• Exercise objective: Look below for the line with "変形エクステントキネマティク" and the line with "Καιρός: Κλίμα τροπικό". Copy exactly those two lines and every line between, but not the pictures.

• Supplied data:
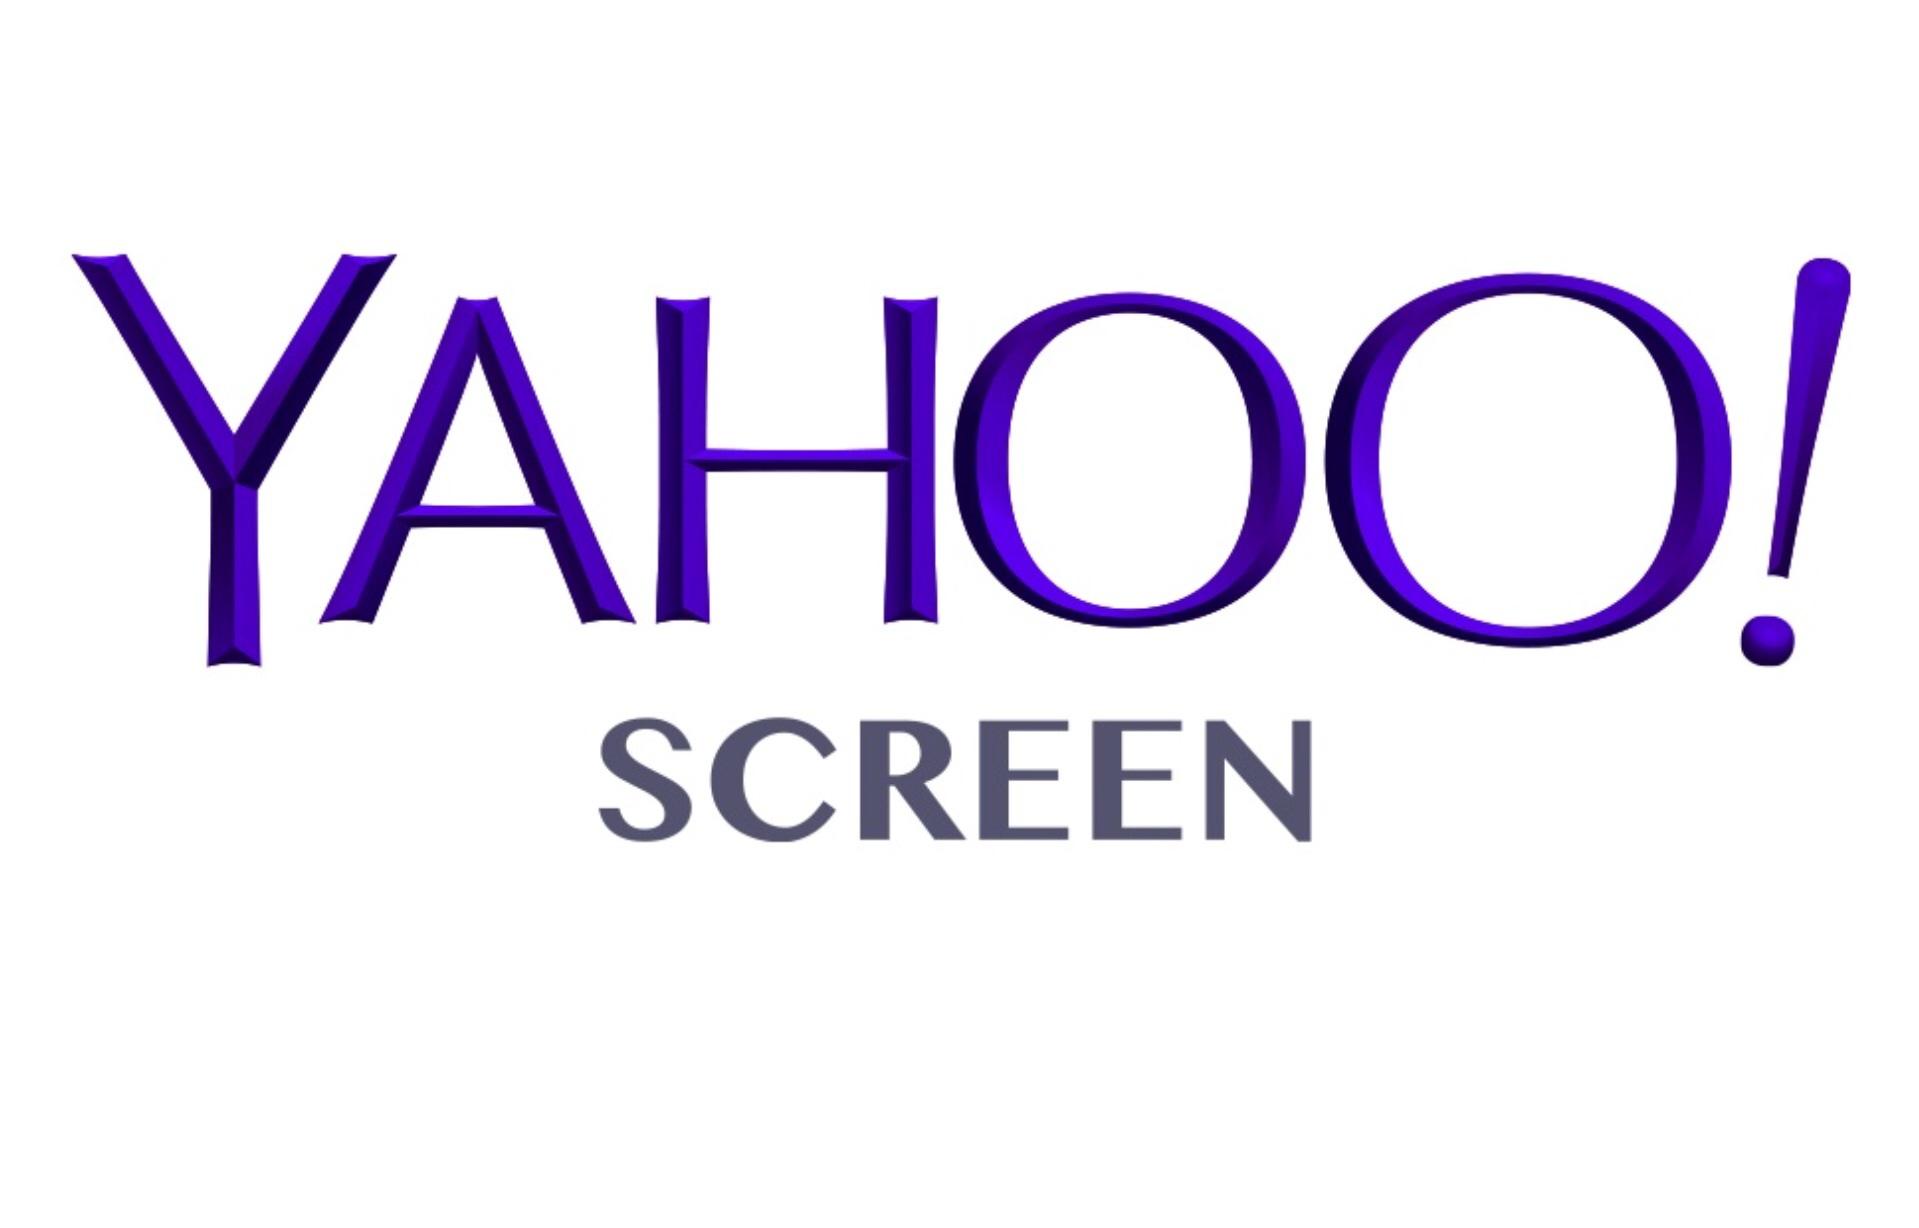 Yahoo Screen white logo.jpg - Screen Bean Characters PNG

--

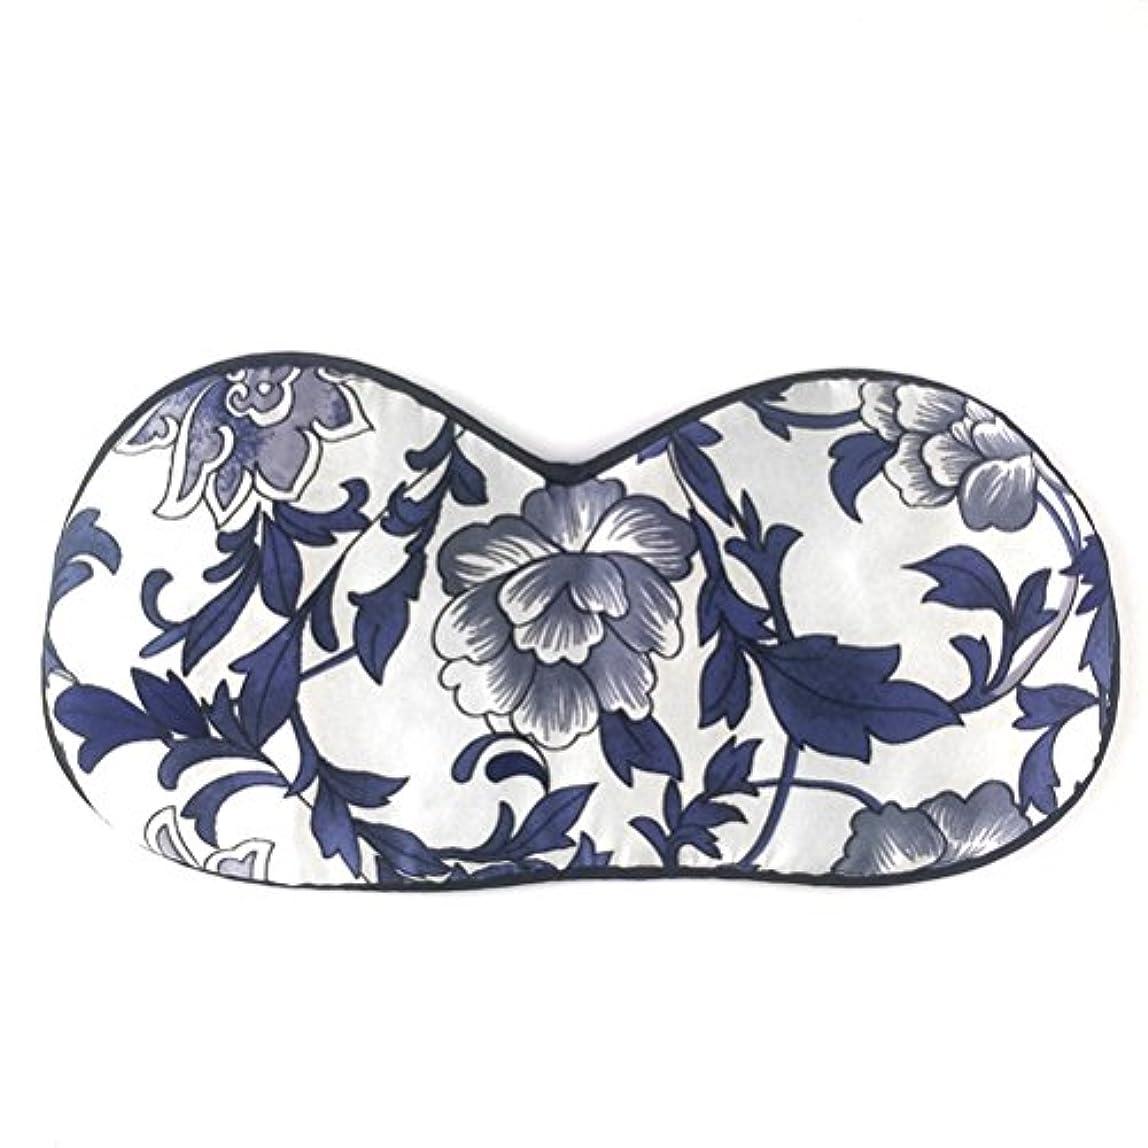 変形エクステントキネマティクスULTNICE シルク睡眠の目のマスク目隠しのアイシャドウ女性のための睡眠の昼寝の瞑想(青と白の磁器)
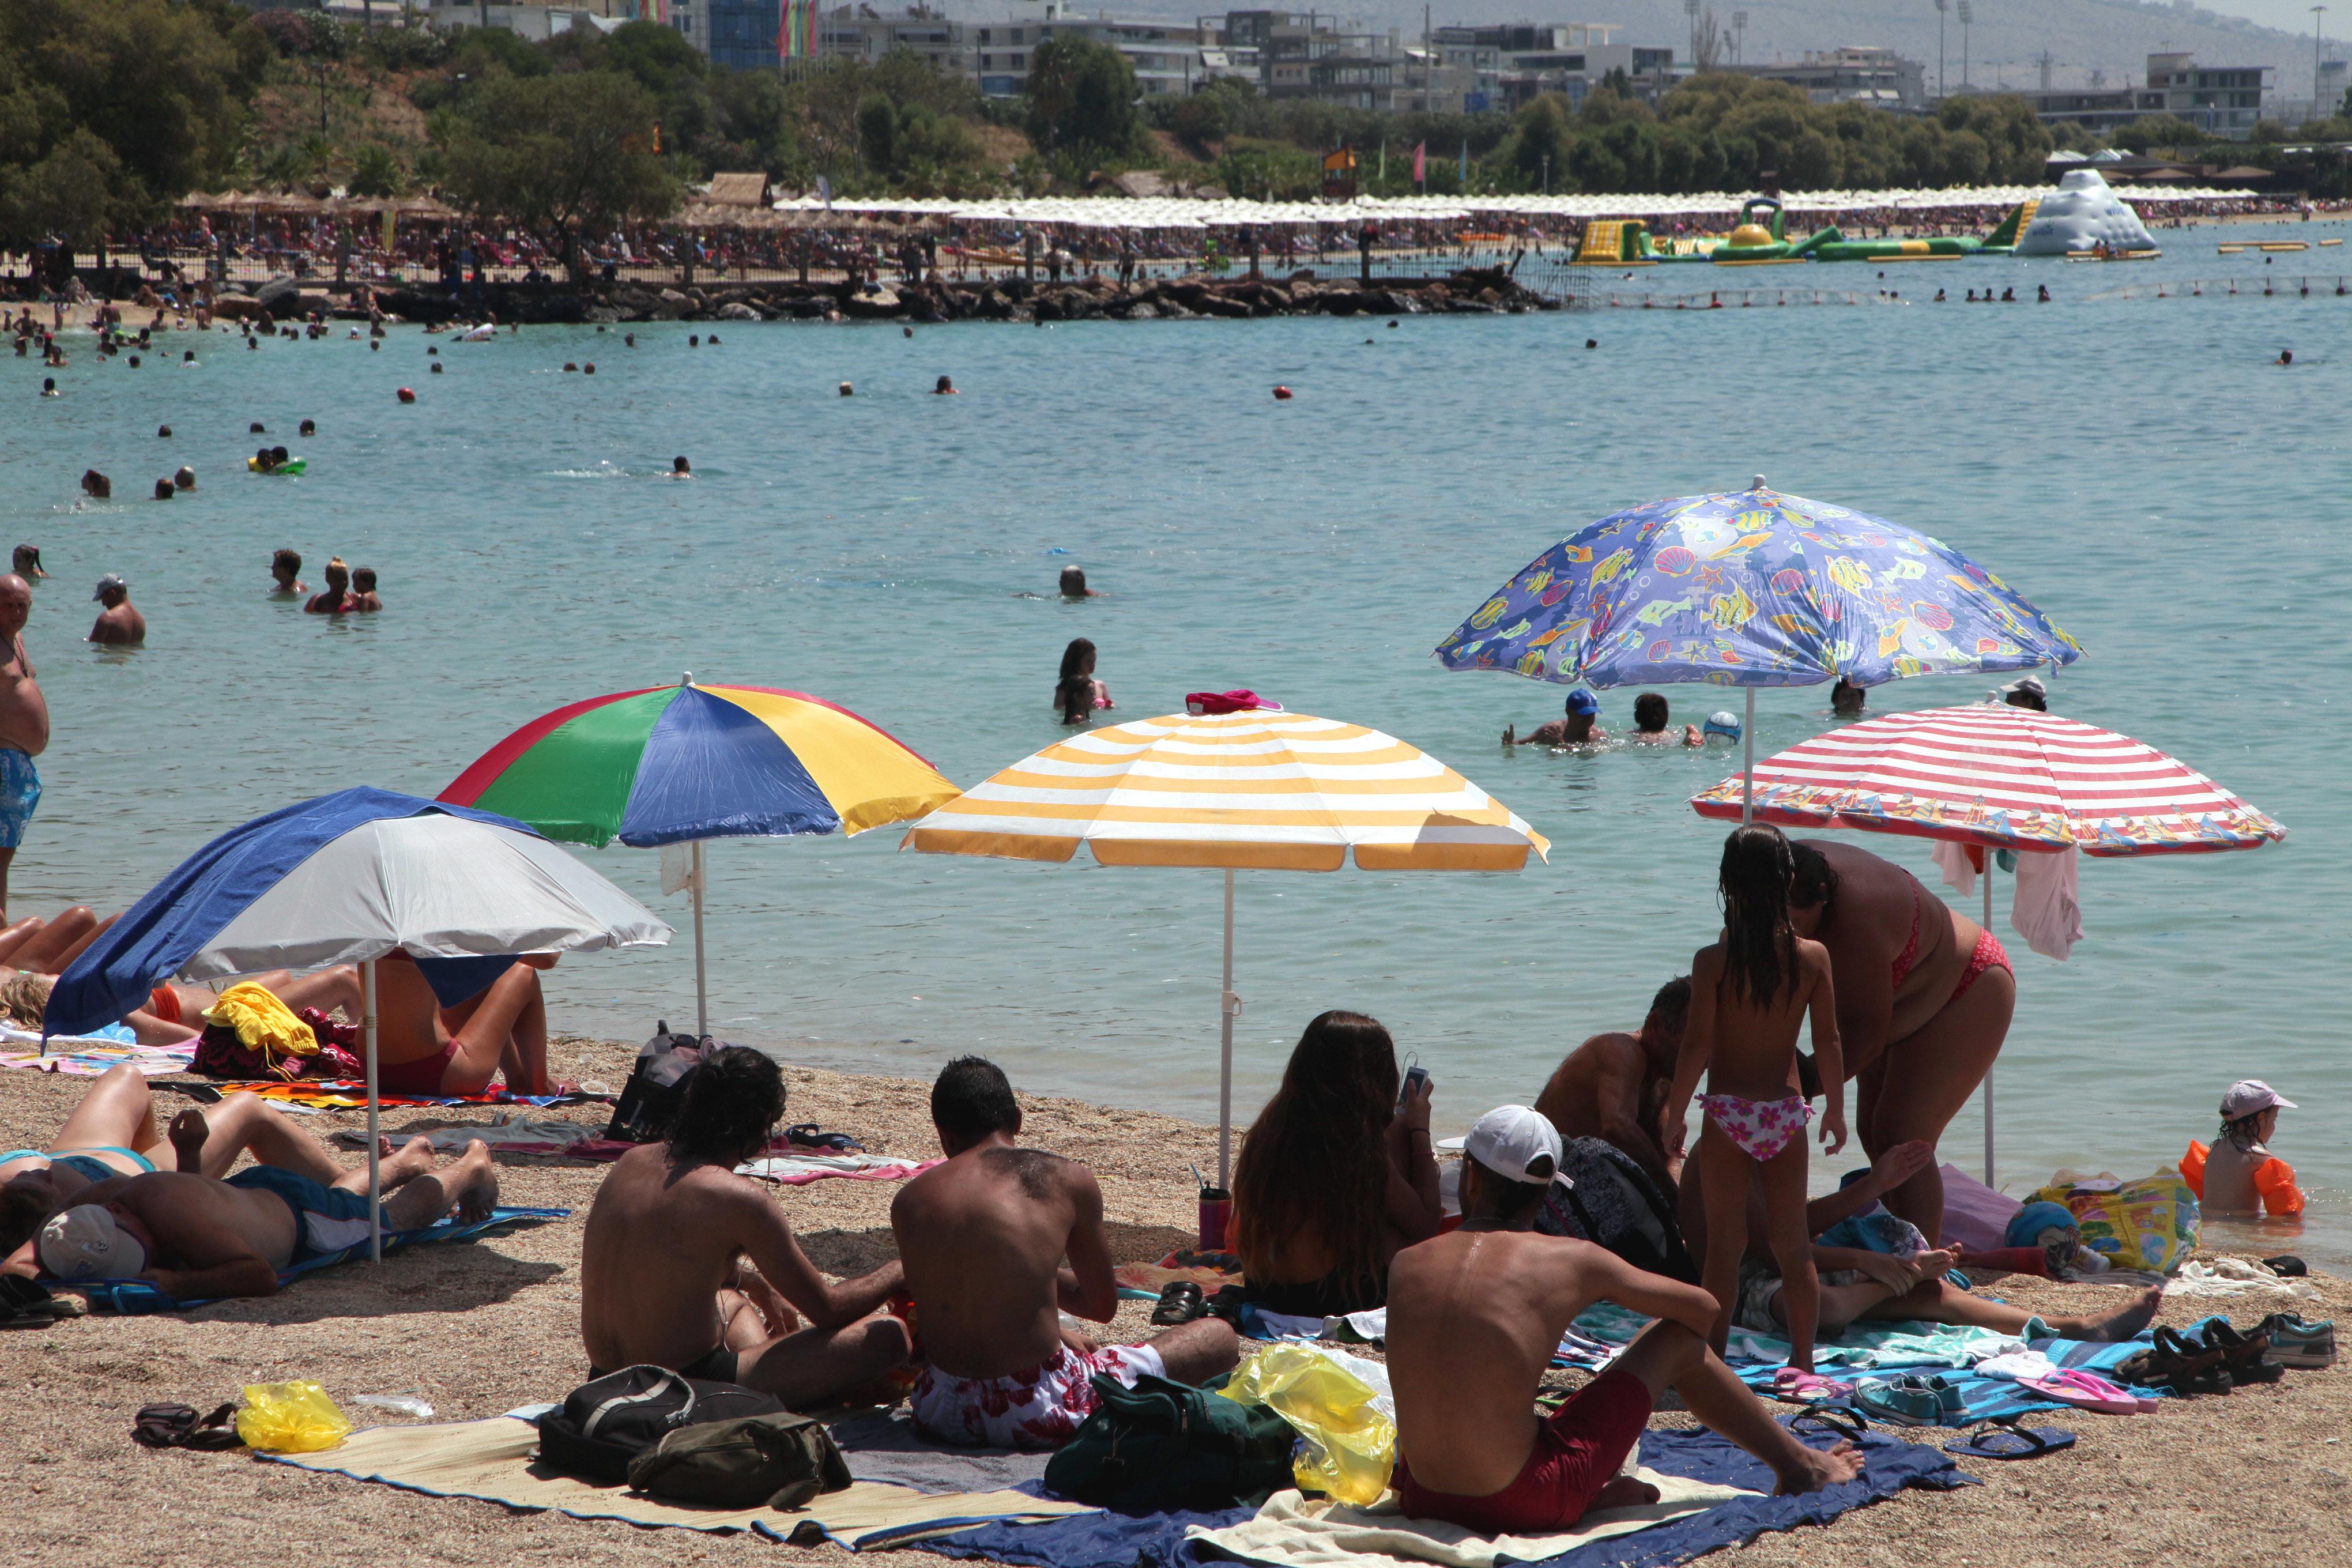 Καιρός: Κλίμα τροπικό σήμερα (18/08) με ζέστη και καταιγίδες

==

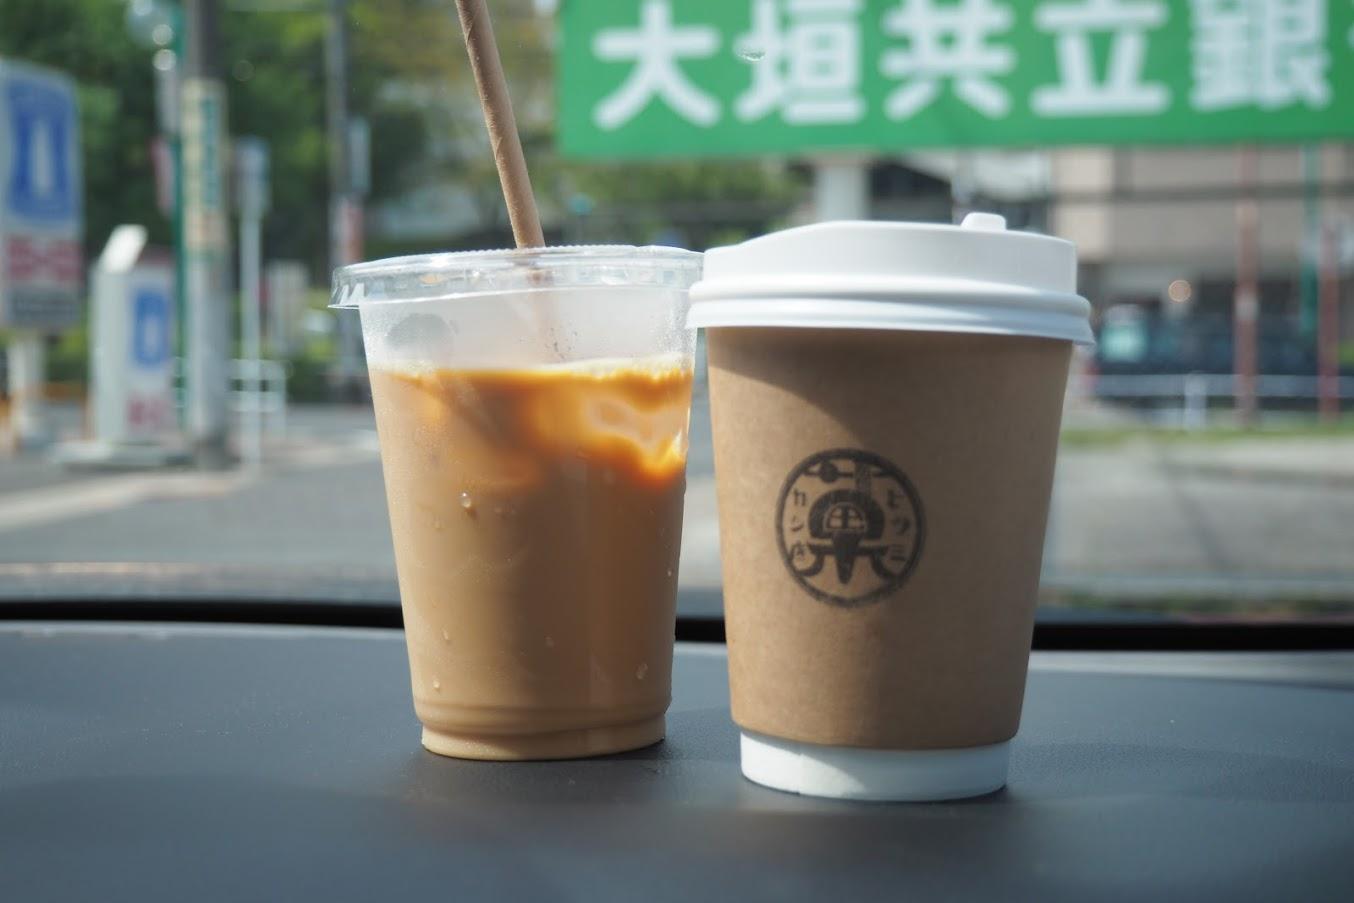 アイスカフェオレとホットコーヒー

• Solved exercise:
 変形エクステントキネマティクスULTNICE シルク睡眠の目のマスク目隠しのアイシャドウ女性のための睡眠の昼寝の瞑想(青と白の磁器)
 Καιρός: Κλίμα τροπικό σήμερα (18/08) με ζέστη και καταιγίδες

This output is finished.